Every line of the material below should be output exactly as written, with the images skipped.

Data records:

╭──

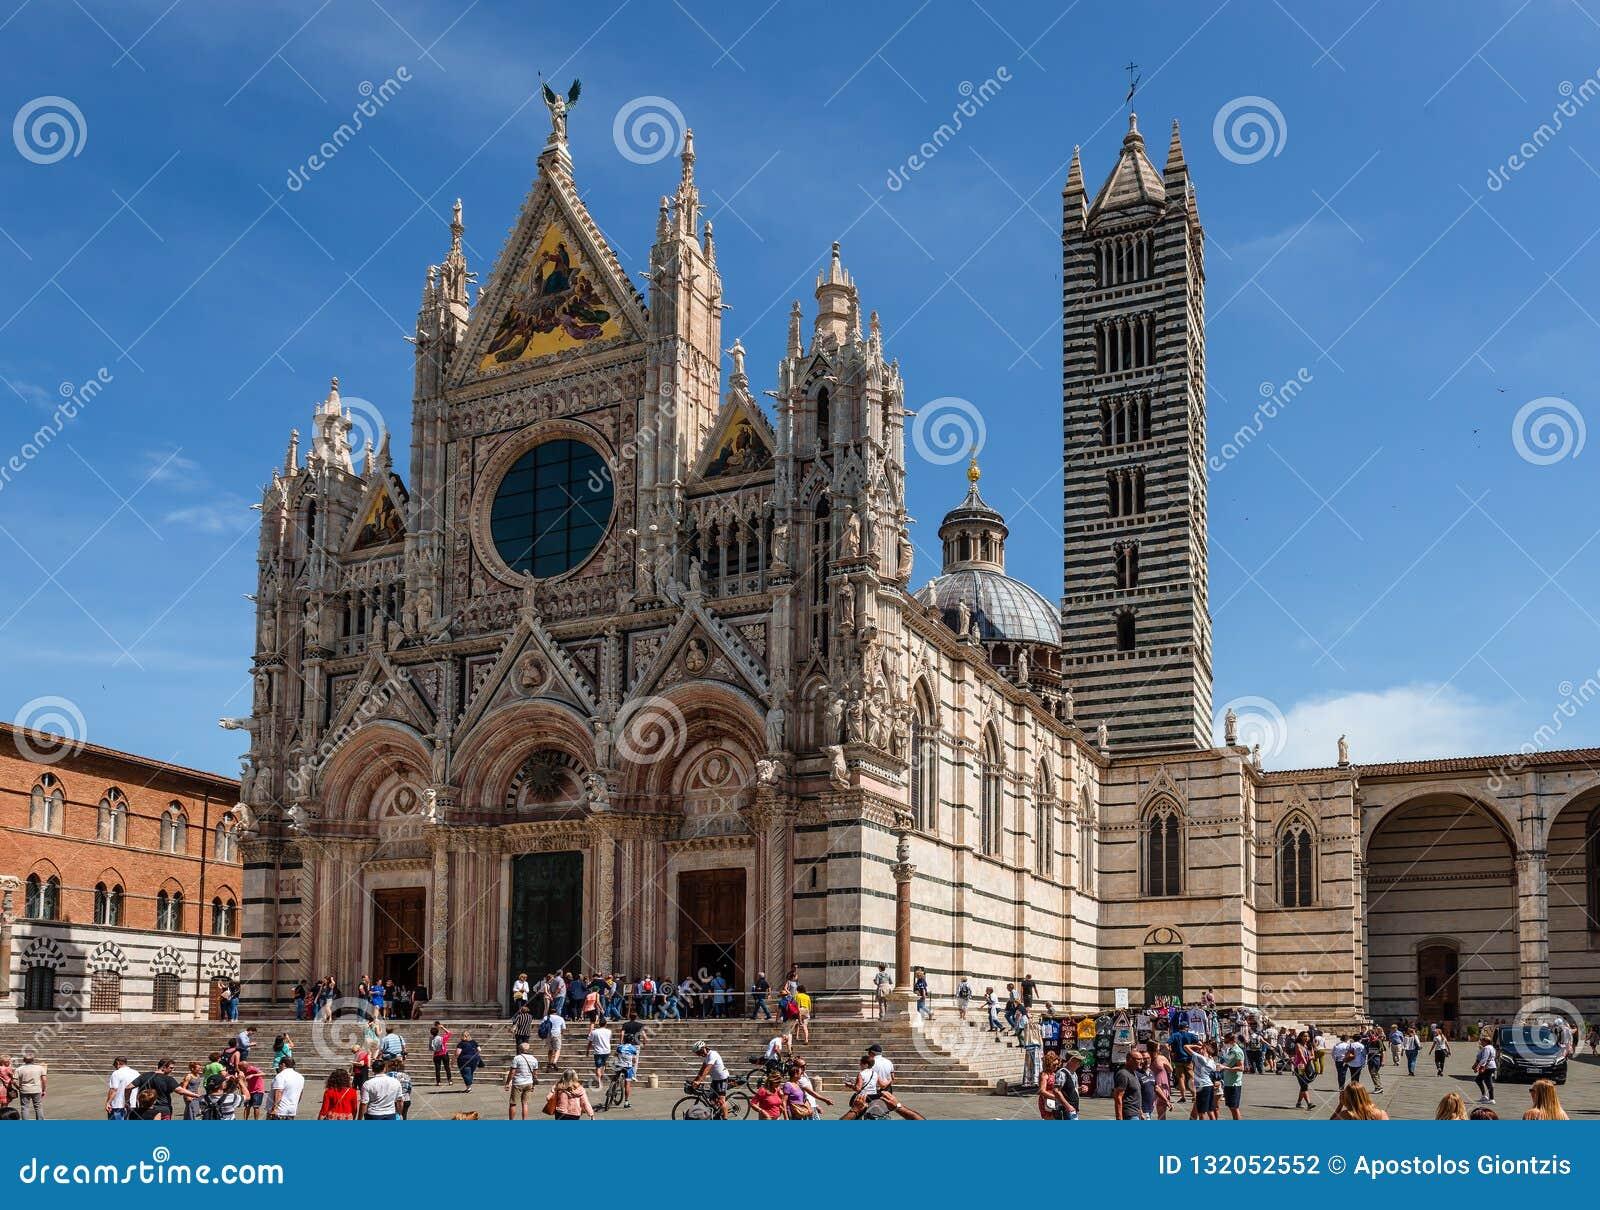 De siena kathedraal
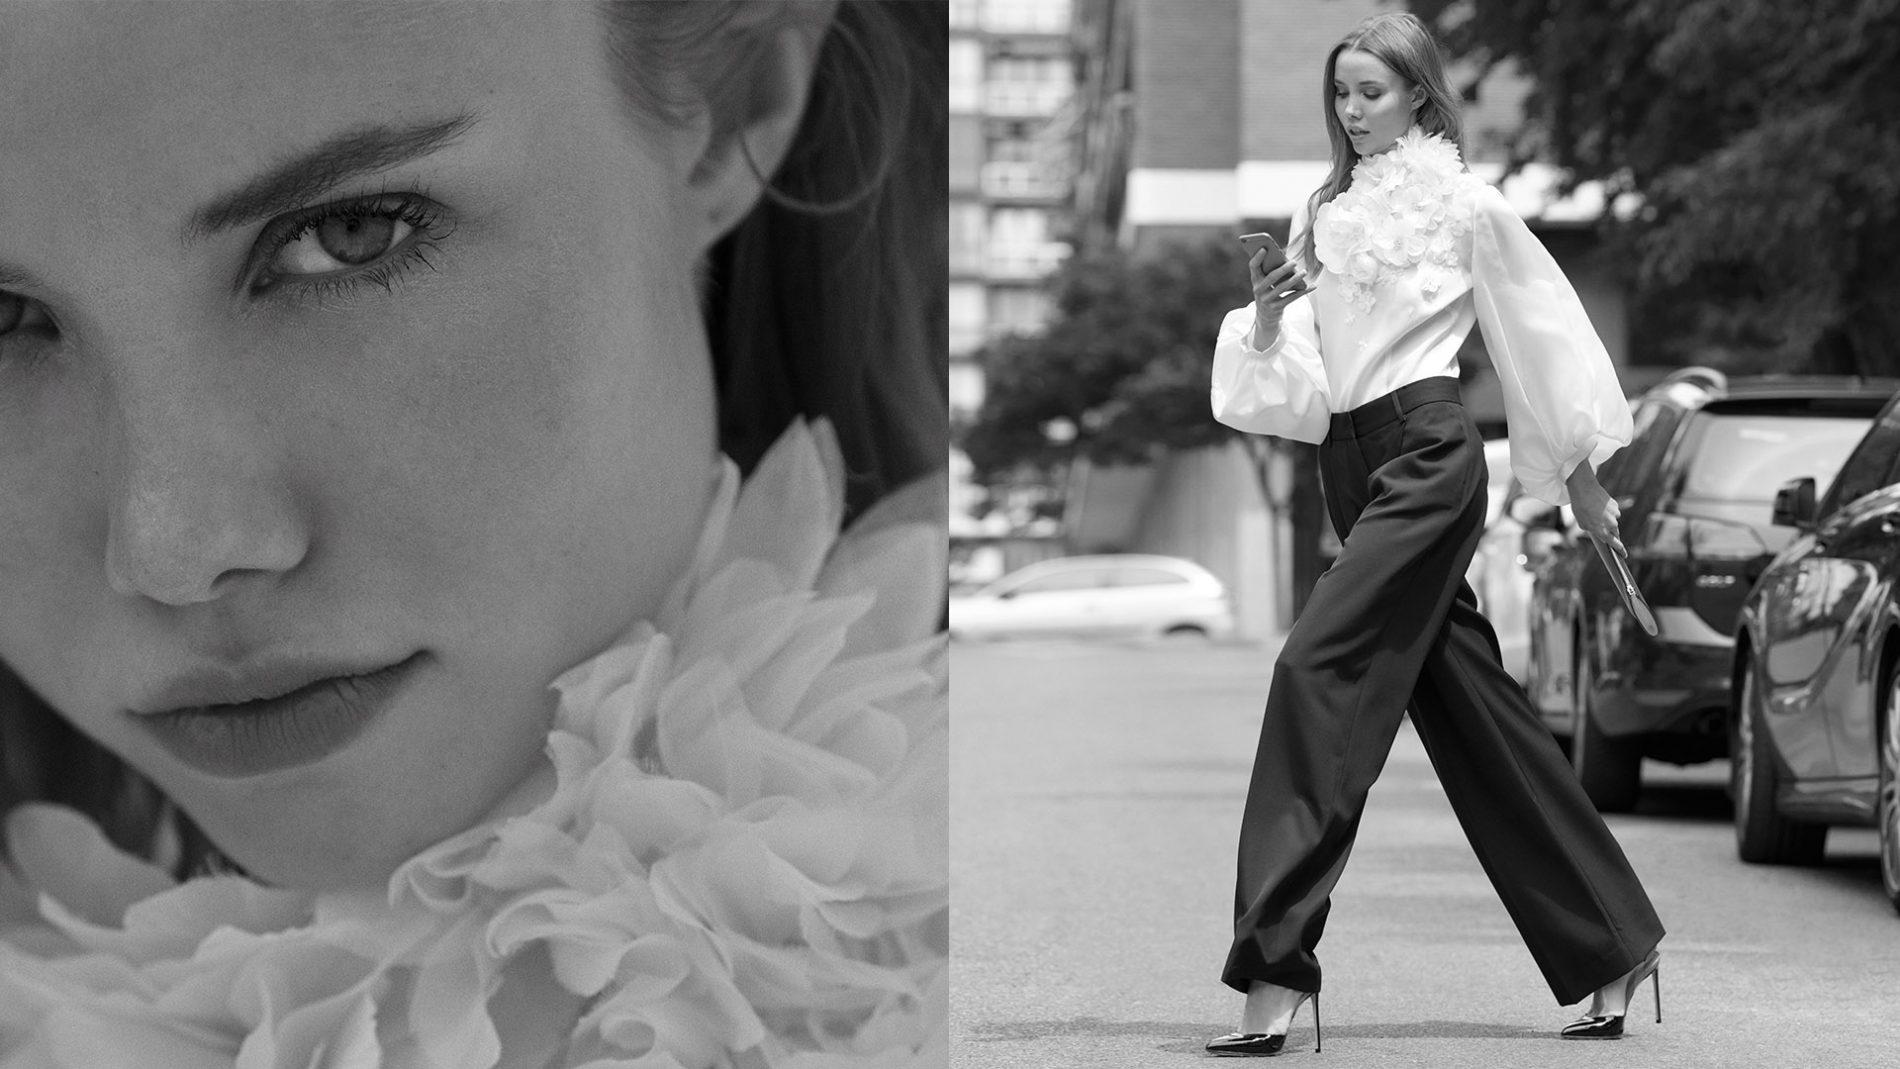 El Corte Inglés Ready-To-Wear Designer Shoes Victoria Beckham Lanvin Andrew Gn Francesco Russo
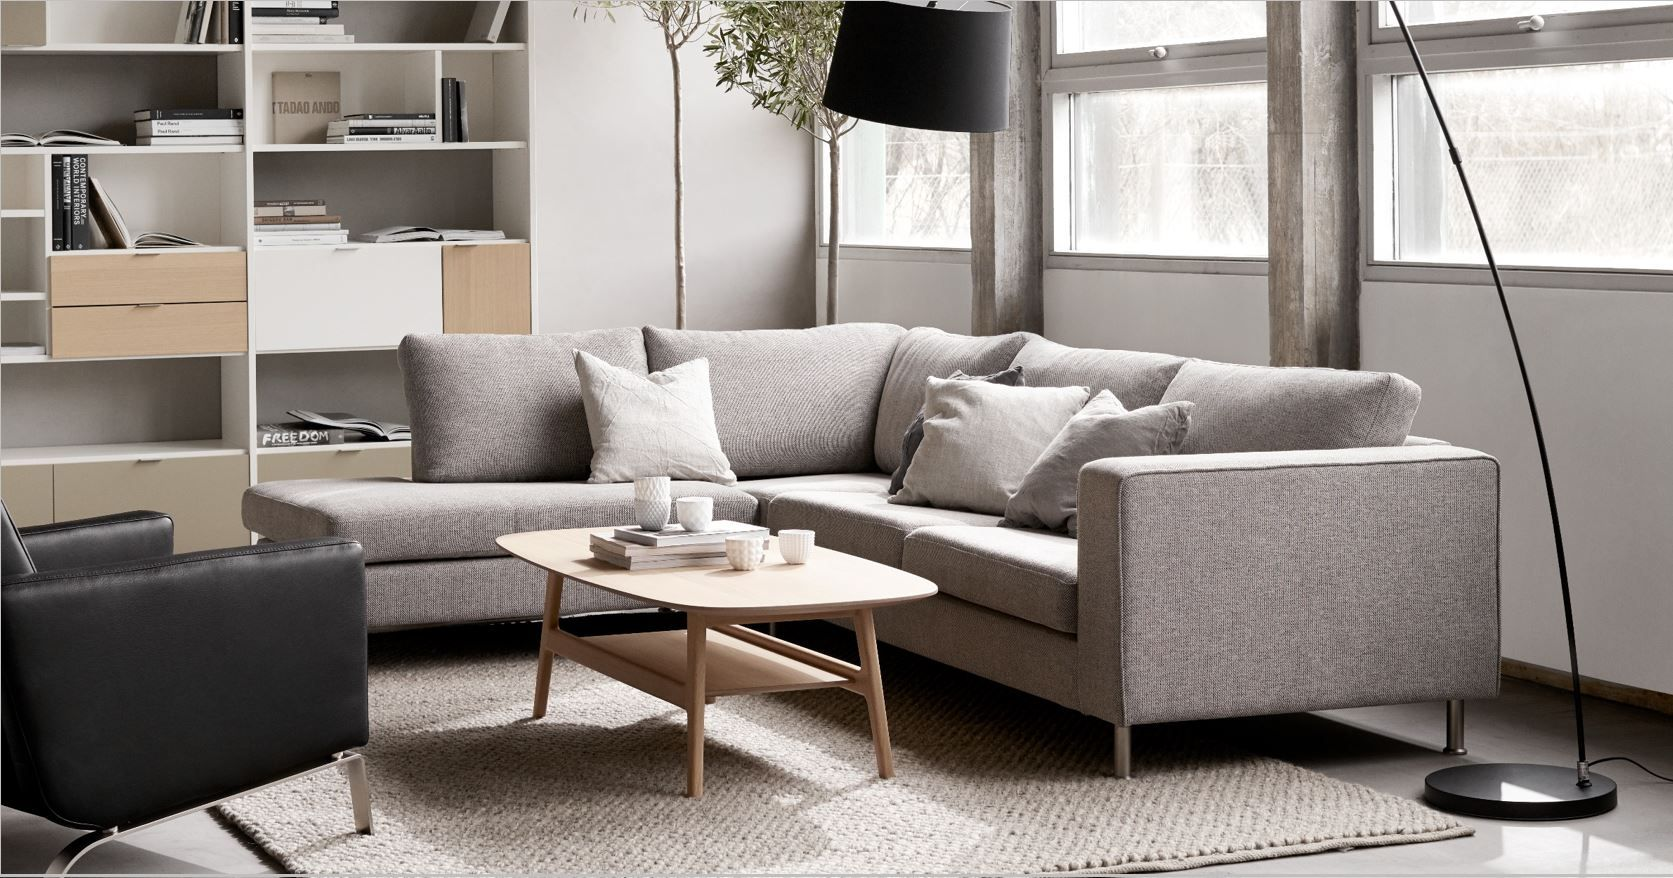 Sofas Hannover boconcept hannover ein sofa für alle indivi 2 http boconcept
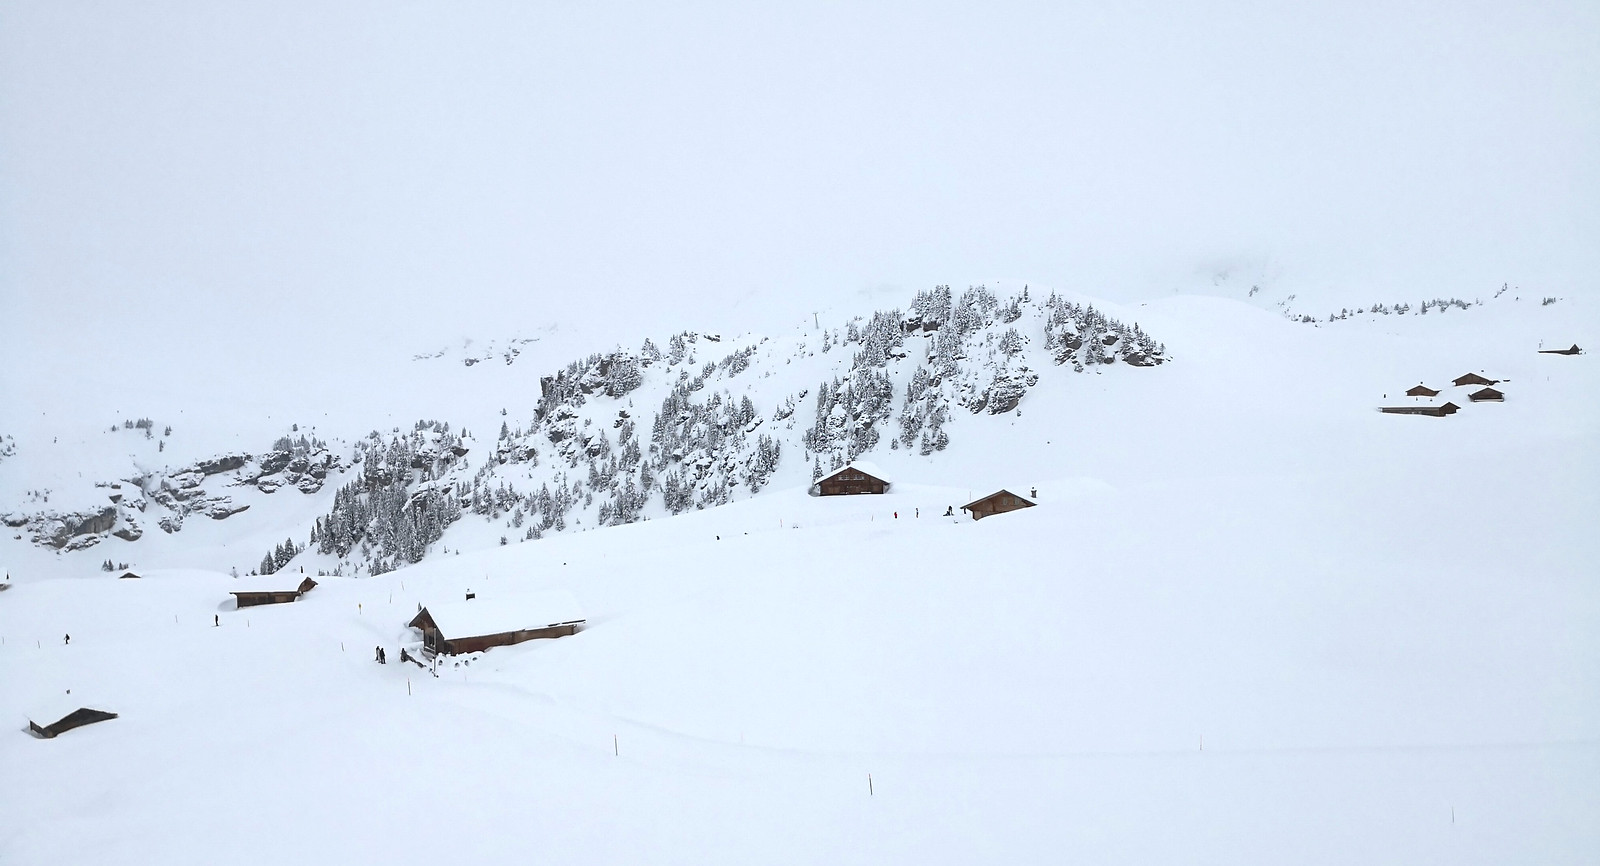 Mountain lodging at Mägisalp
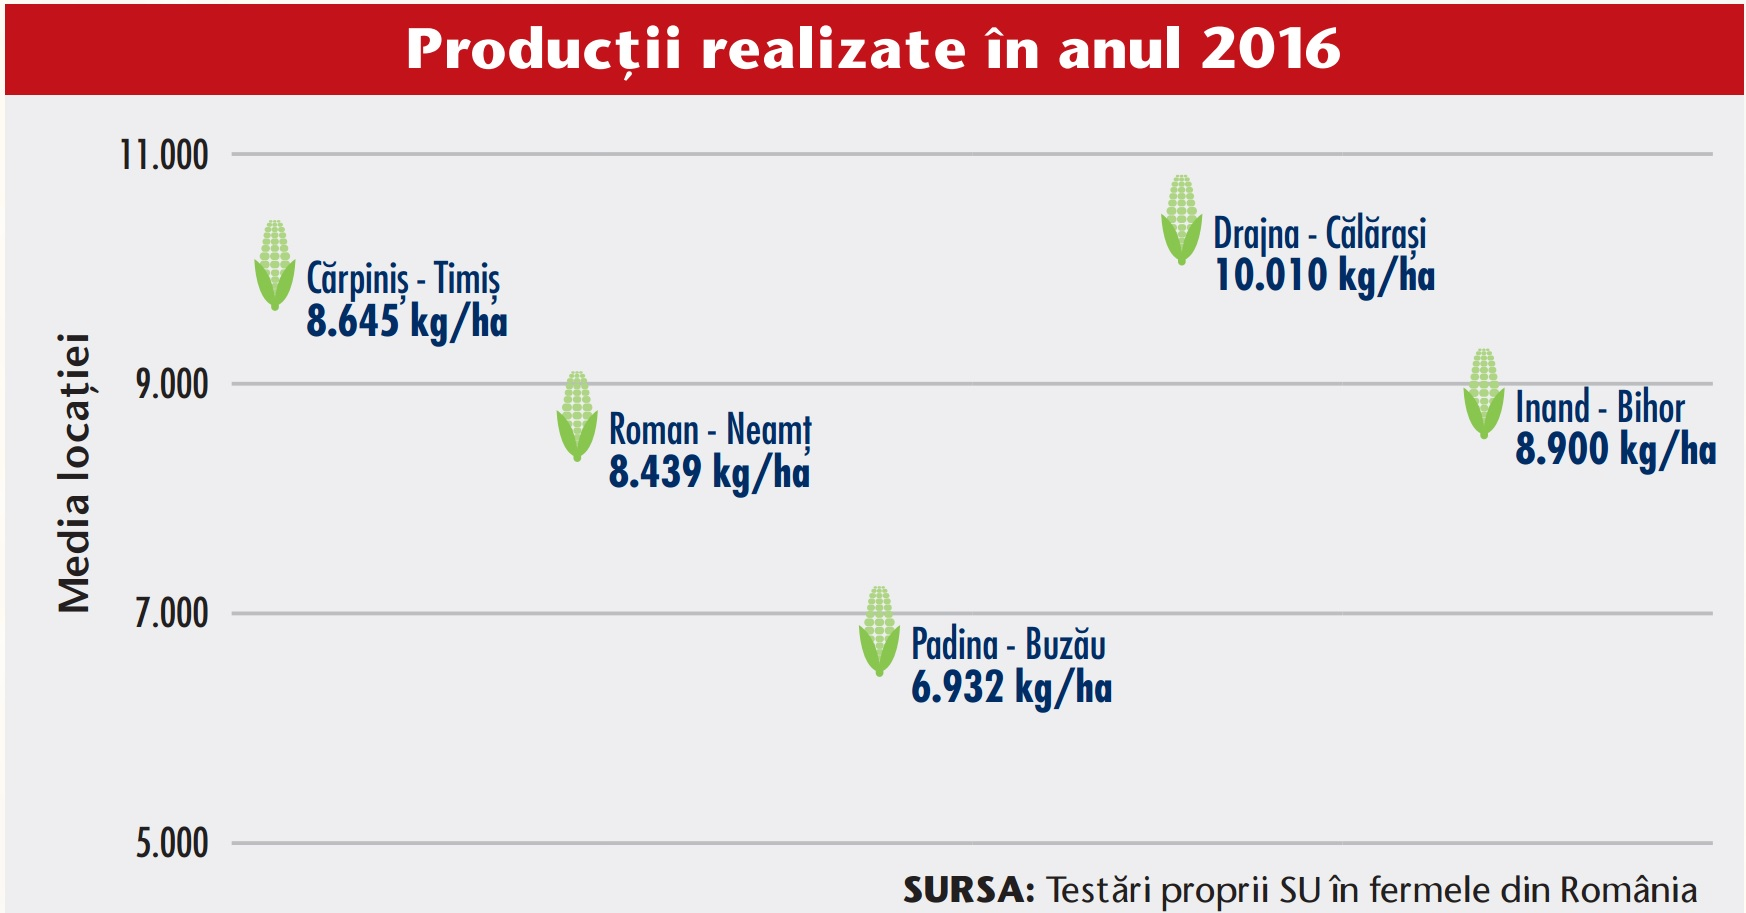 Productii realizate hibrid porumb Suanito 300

╰──

Reply:
 De siena kathedraal
 El Corte Inglés Ready-To-Wear Designer Shoes Victoria Beckham Lanvin Andrew Gn Francesco Russo
 Sofas Hannover boconcept hannover ein sofa für alle indivi 2 http boconcept
 Mountain lodging at Mägisalp
 Productii realizate hibrid porumb Suanito 300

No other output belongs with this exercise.